Review & preview: Towson men's lacrosse

A look at the 2014 season for the Tigers and a glimpse into 2015

June 03, 2014|By Edward Lee, The Baltimore Sun

Here is the second installment of a series that checks in with the seven Division I programs in the state to give a glimpse into the past and the future. Teams are scheduled to appear according to the chronological order in which their seasons ended. Monday’s visit was with Mount St. Mary’s. Tuesday’s visit is with Towson.

REVIEW

The good: The Tigers (8-7 overall and 2-3 in the Colonial Athletic Association) opened the season with a slow start that was punctuated by a bewildering 20-4 loss to Loyola on Feb. 19 that had even coach Shawn Nadelen questioning the team’s mettle. But the players responded with a six-game winning streak that had the team flirting with a top 15 ranking. Towson’s ability to rebound from what could have been crippling setback was a welcomed sight for Nadelen.

“We had a pretty good stretch after we played our worst game against Loyola,” he said. “Our guys really turned themselves around and got back into who we are as a program, and we were able to put together a good little winning streak and play some good lacrosse.”

** Not too many teams like to lean on their freshmen to contribute immediately, but that wasn’t the case for the Tigers. Attackman Joe Seider (Hereford) led the offense with 23 goals, midfielder Ryan Drenner (Westminster) ranked third with 10 assists, and short-stick defensive midfielder Jack Adams (Hereford) posted 13 ground balls and five caused turnovers.

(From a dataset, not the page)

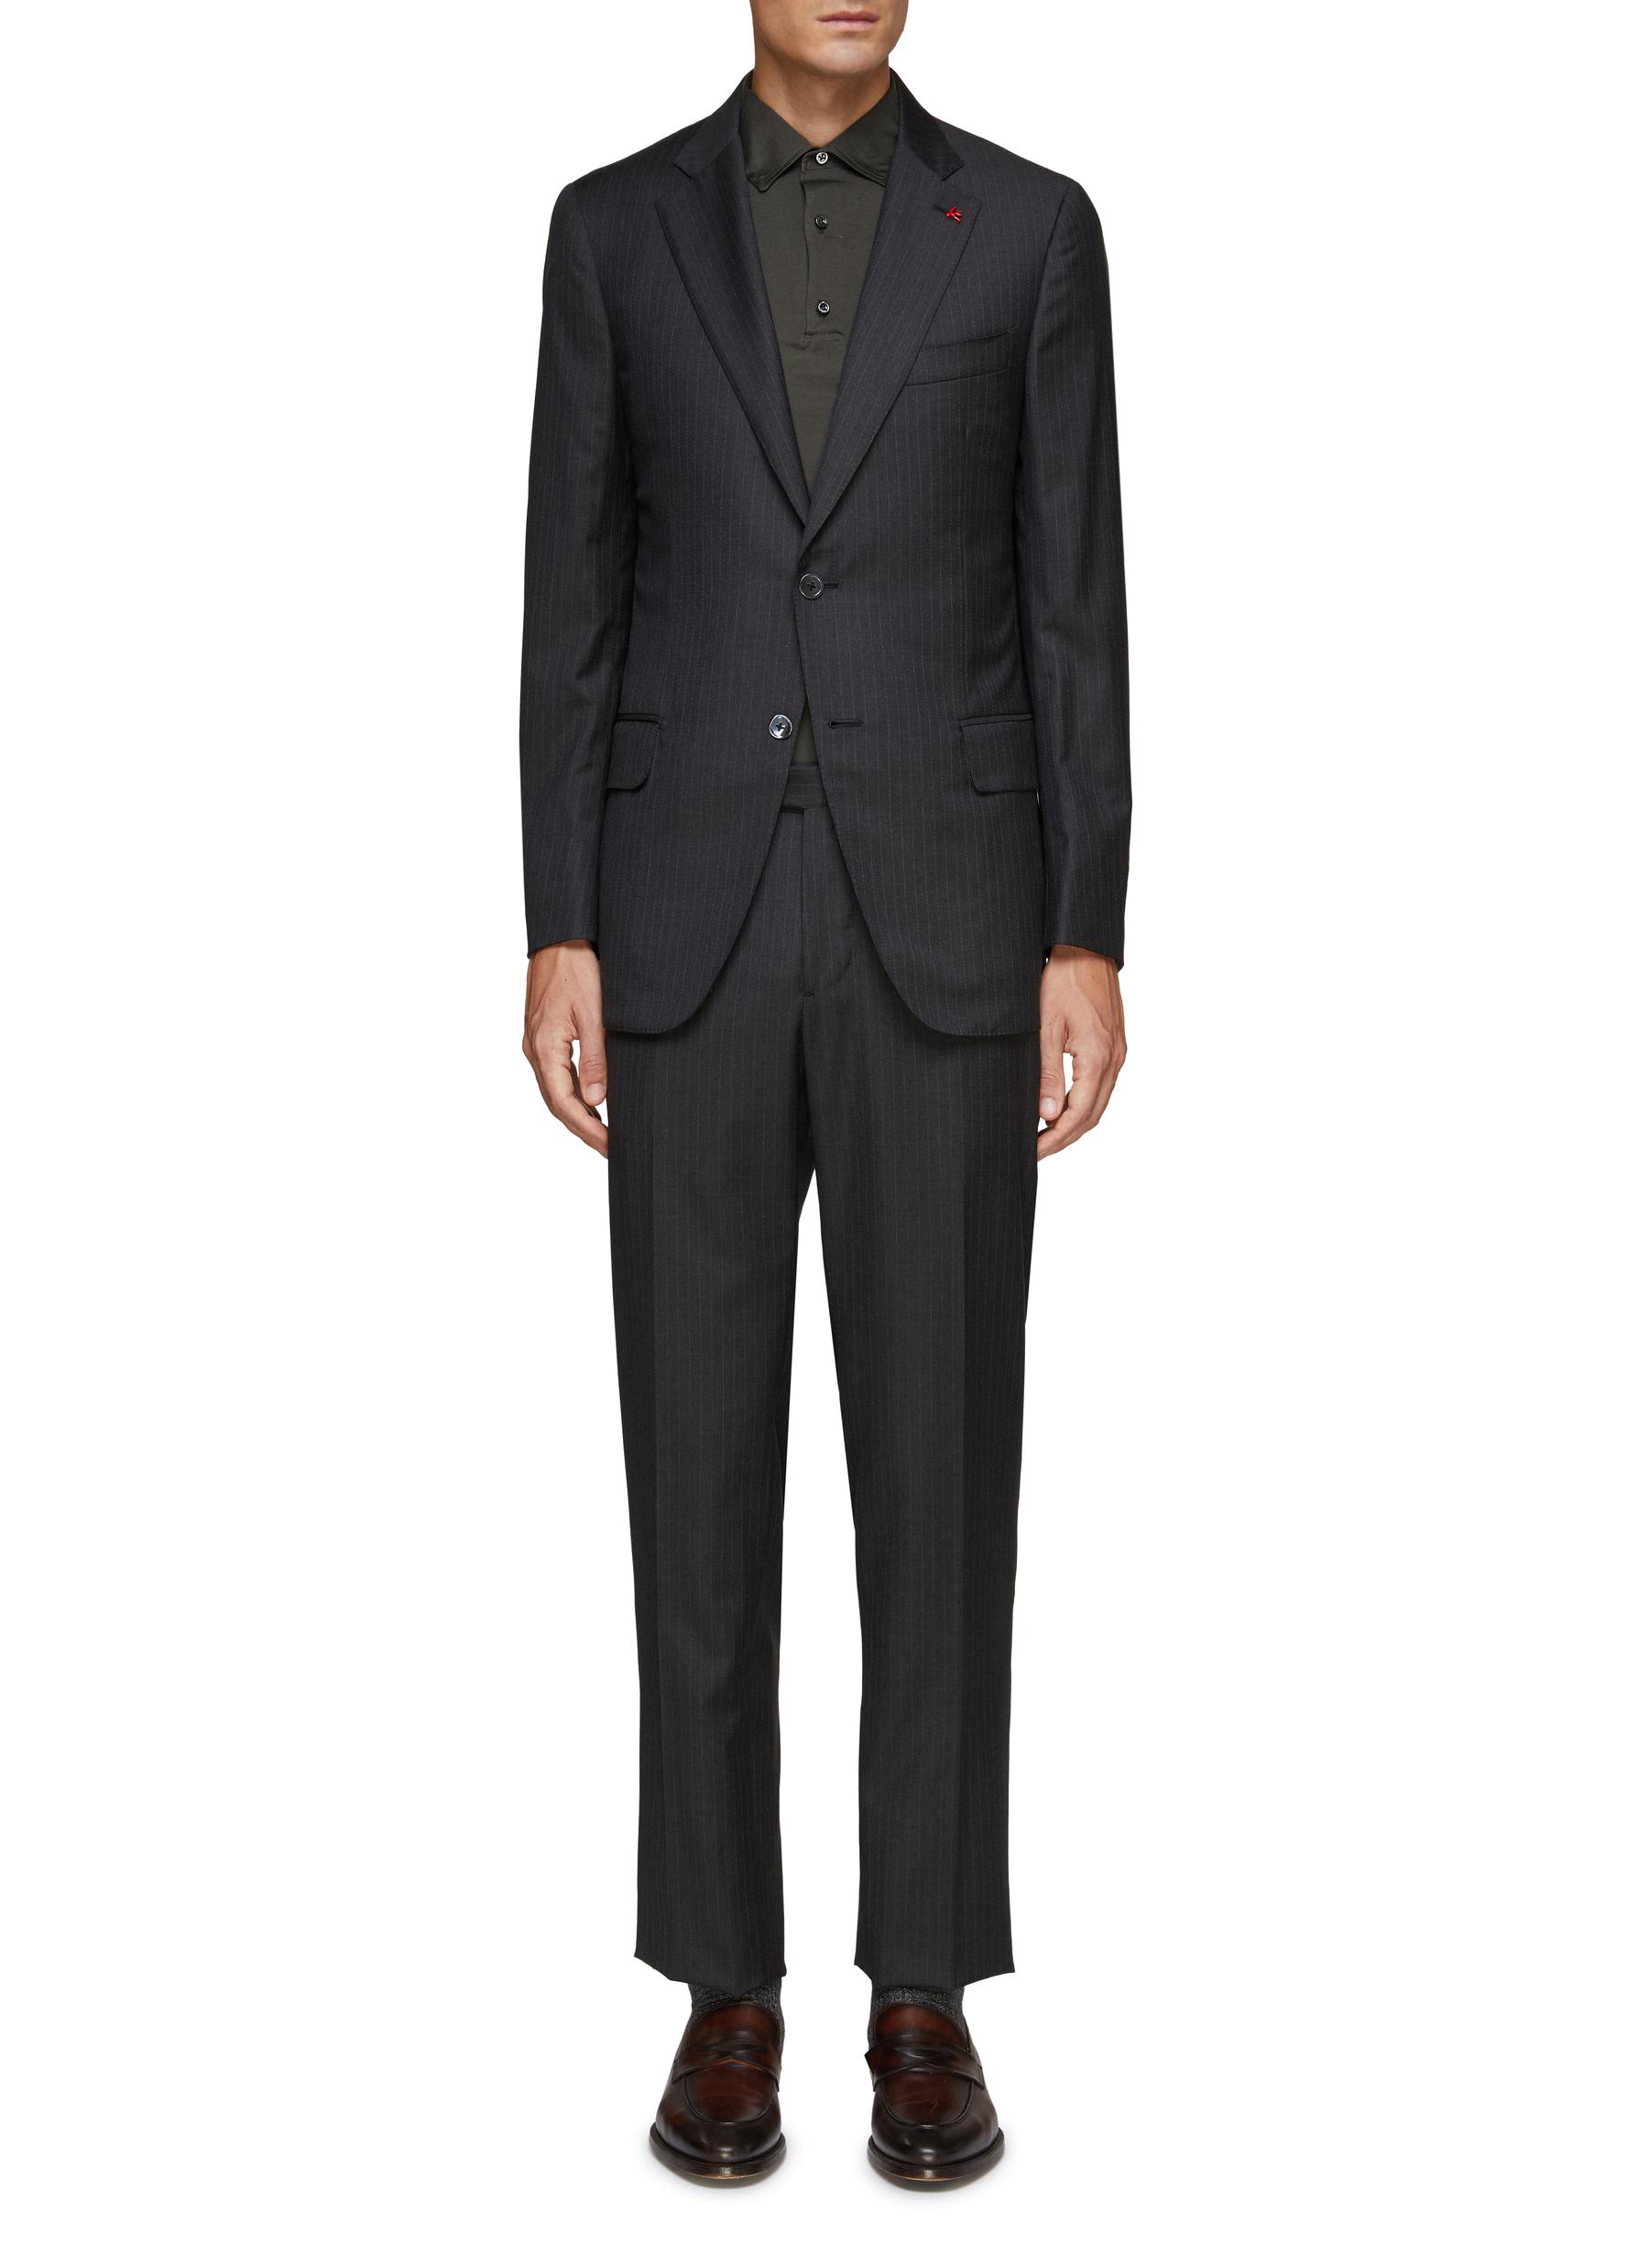 ISAIA 'GREGORIO' SINGLE BREASTED NOTCH LAPEL HALF LINED WOOL SUIT

Add long-stick midfielder Tyler Mayes (15 GB, 11 CT), midfielder Michael Lynch (3 G, 1 A) and faceoff specialist Alec Burckley (45.8 percent on 38-of-83 and 21 GB), and the team didn’t shy away from employing its rookies.

“We wouldn’t have recruited them if we didn’t think they could come in and play for us early,” Nadelen said. “They had opportunity, and I think they capitalized on that, which is a good thing. We had some holes to fill from the previous year, and they had to be filled by somebody. The freshmen kind of seized those opportunities, and it was good to have those guys out there playing. But also with any freshmen, you’re going to deal with some inexperience and some poor decision-making and things like that. But it’s a good sign that they wanted to do good things, which they did for the most part.”

** The graduation of Andrew Wascavage was thought to be a huge blow for the defense, and while Tyler White wasn’t as consistent as his predecessor, the junior fared decently in his first year as a full-time starter. White recorded a 9.63 goals-against average and a .502 save percentage after sitting out fall workouts and being severely limited by injury in the preseason.

“So it took him a while to get his feet underneath him, and consistency was an issue and body language was an issue at times, but I think that was a case of him trying to get comfortable with himself being the guy out there on the field,” Nadelen said. “He had some pretty strong games. I’m sure there are some games he’d like to have back, but moving forward for him is going to be a point of emphasis.”

The bad: After last year’s surprising run to the CAA tournament crown, Towson appeared poised to repeat that effort. But the team went just 2-3 in the conference, and although that was good enough to earn the third seed in the league tournament, the Tigers’ hopes ended in an 11-10 overtime loss in a tournament semifinal to eventual champion Drexel.

“It was definitely disappointing not being able to put ourselves in position to win that again,” Nadelen said. “We definitely had chances. I don’t think we were playing our best lacrosse at the end of the year, which is when you want to do that. That’s something I’ve got to evaluate as a coach and figure out how I can correct that and find a way for our team to be successful during that stretch. We expect to win our conference and we expect to be in the NCAA tournament and compete for the NCAA championship. Our guys understand that, and they’re as disappointed as we are.”

** Through the first nine games, the offense scored 87 goals, averaging 9.7. In the team’s last six contests, the unit scored just 40 times, which dropped the average to 6.7. With the exception of Seider, the team’s offensive woes seemed to touch every player.